Unnamed: 0,VIOLATION ID (VID),NPDES# CA#,Parameter,Limit,Result,Monitoring Location
1,897485,CA8000383,total coliform,23.0,70.0,M-001
2,897502,CA8000383,total coliform,23.0,80.0,M-001
11,856456,CA0077712,chlorine total residual,0.02,2.0,
17,863738,CA0077712,acute toxicity,70.0,55.0,
19,869645,CA0077712,aluminum total,71.0,130.0,


In [75]:
many_matches.head()

Unnamed: 0,npdes_permit_id,parameter_desc,perm_feature_nmbr,limit_value_type_code,statistical_base_code,VID
98349,CA8000383,coliform total general,1,C2,7C,897485
177142,CA8000383,coliform total general,1,C1,3E,897485
98349,CA8000383,coliform total general,1,C2,7C,897502
177142,CA8000383,coliform total general,1,C1,3E,897502
40862,CA0077712,chlorine total residual,1,C3,1I,856456


Note: some reasons for multiple matches:
- Multiple base codes
- No DMR record of the violation parameter (manually checked)
- Others?

### Stepping back: how much time do we think that manual matching will take, using this algorithm?

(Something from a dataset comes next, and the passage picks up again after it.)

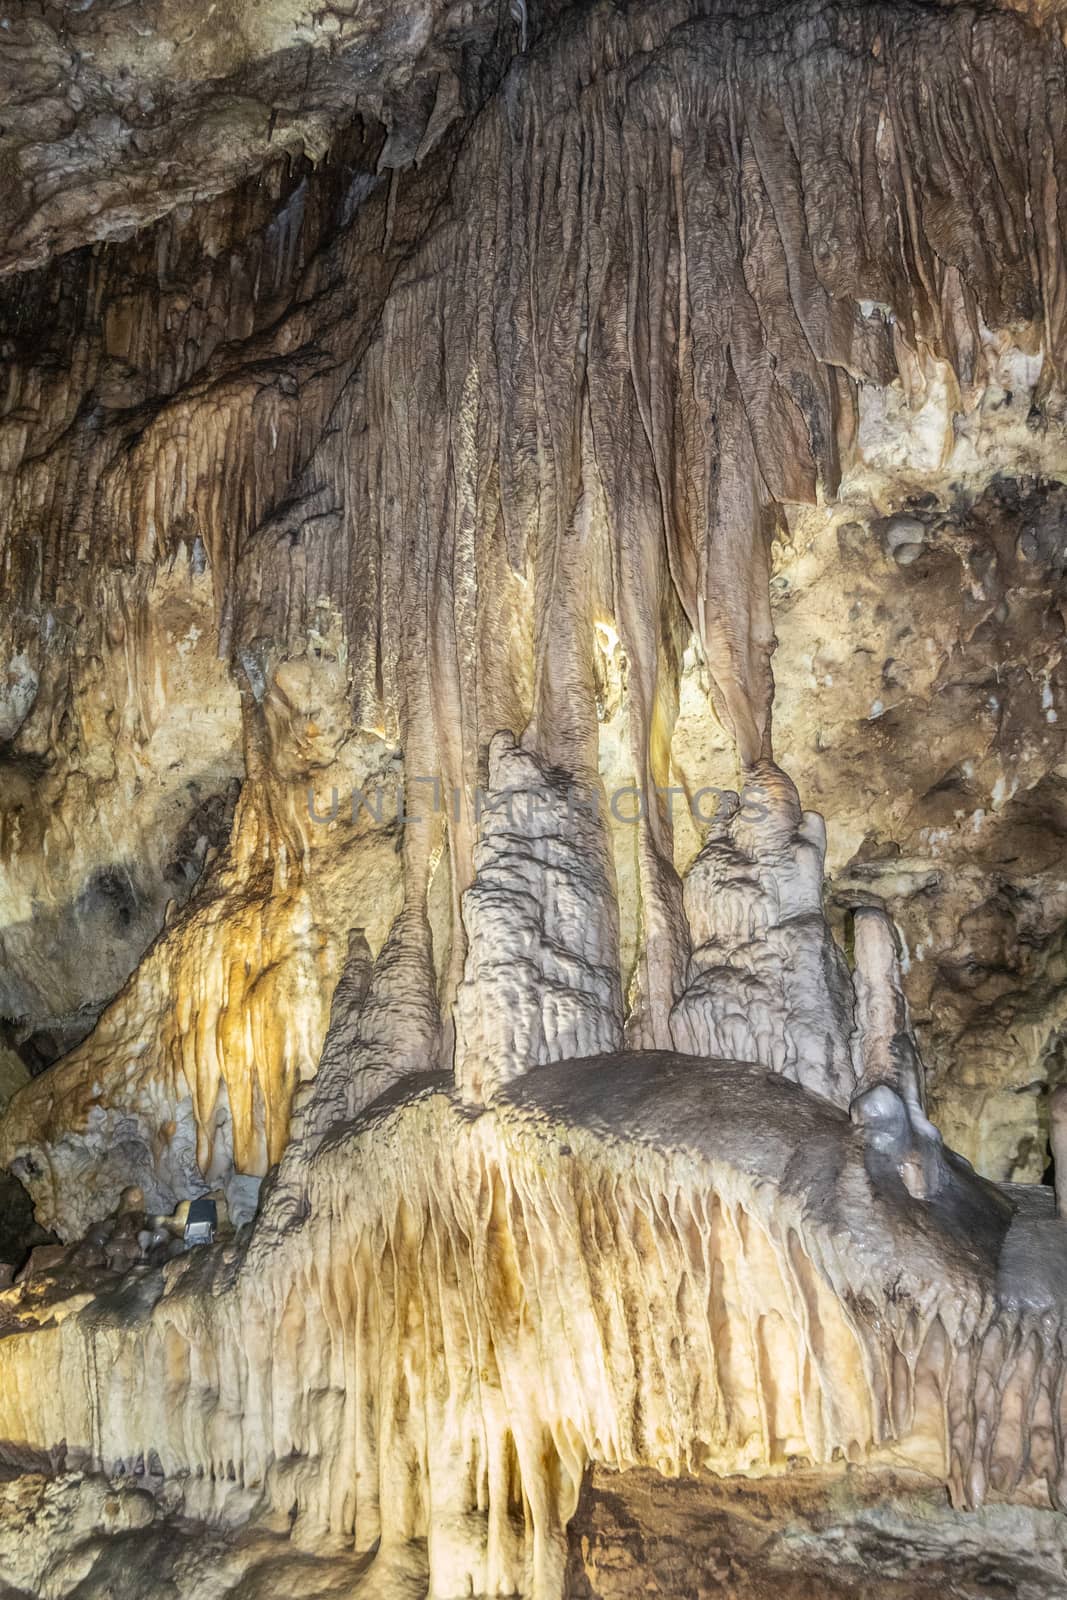 Han-sur-Lesse, Belgium - June 25, 2019: Grottes-de-Han 16 of 36. subterranean pictures of Stalagmites and stalactites in different shapes and colors throughout tunnels, caverns and large halls. Rock curtains.

Let's say we're able to link all EPLs to their 11,427 associated violations, and they all contain data on NPDES permittee ID. At this moment we haven't calculated the number of MMP-eligible effluent violations associated with NPDES permittees that did NOT result in EPLs (a candidate control group); however, we know there are 1,017 facilities in said group (see MMP universe file in EPA > CA MMP google drive). Assuming the facility:violation ratio is the same for both groups (which it certainly may not be), we could estimate that there would be about 17,000 violations in this control group. Thus, we would have a total of 28,427 violations to match.

Assuming we don't care about why data in the 'Parameter', 'Limit', 'Monitoring Location', and 'Result' is missing, about half (14,213) of these violations will have complete data for these columns. Running this many violations through the algorithm above won't take more than an hour, maximum - likely less.
If we wanted to spot-check every single violation and flag incorrect matches, I would estimate that would take one person 5 minutes per 50 violations = approximately 30 hours of work (including short breaks) to check all 14,213 violations.
If we only wanted to spot-check and flag violations for which there was a parameter mismatch, I would guess that the whole process could be shortened by about 4x to ~8 hours of work.
If we assume a similar rate of incorrect matches as in the exploration above (~4-6%), I would estimate the additional work of correcting ~750 incorrect matches to take one person 1 minute per violation = approximately 15 hours of work (including short breaks) to either correct the incorrect matches or throw the violations out as unmatchable.

In conclusion, my guess for the time demand of matching all of our treatment and control violations to DMR limit series (ignoring outfall number and base code) is <b>23-45 person-hours of work (depending on how confident we want to be in our matches).

Remaining questions:
- Why are so many violations missing data for 'Parameter', 'Limit', 'Monitoring Location', and 'Result'?
- Why do a small number of violations have NPDES permit ID values not appearing in the CA DMR data?
- Do we want to keep iterating on the above algorithm to try and increase the rate of correct matches?
- What do we want to do about violation Parameters such as 'chronic toxicity' that don't appear in the CA DMR data?
- How easy is it really for us to match EPLs to violations?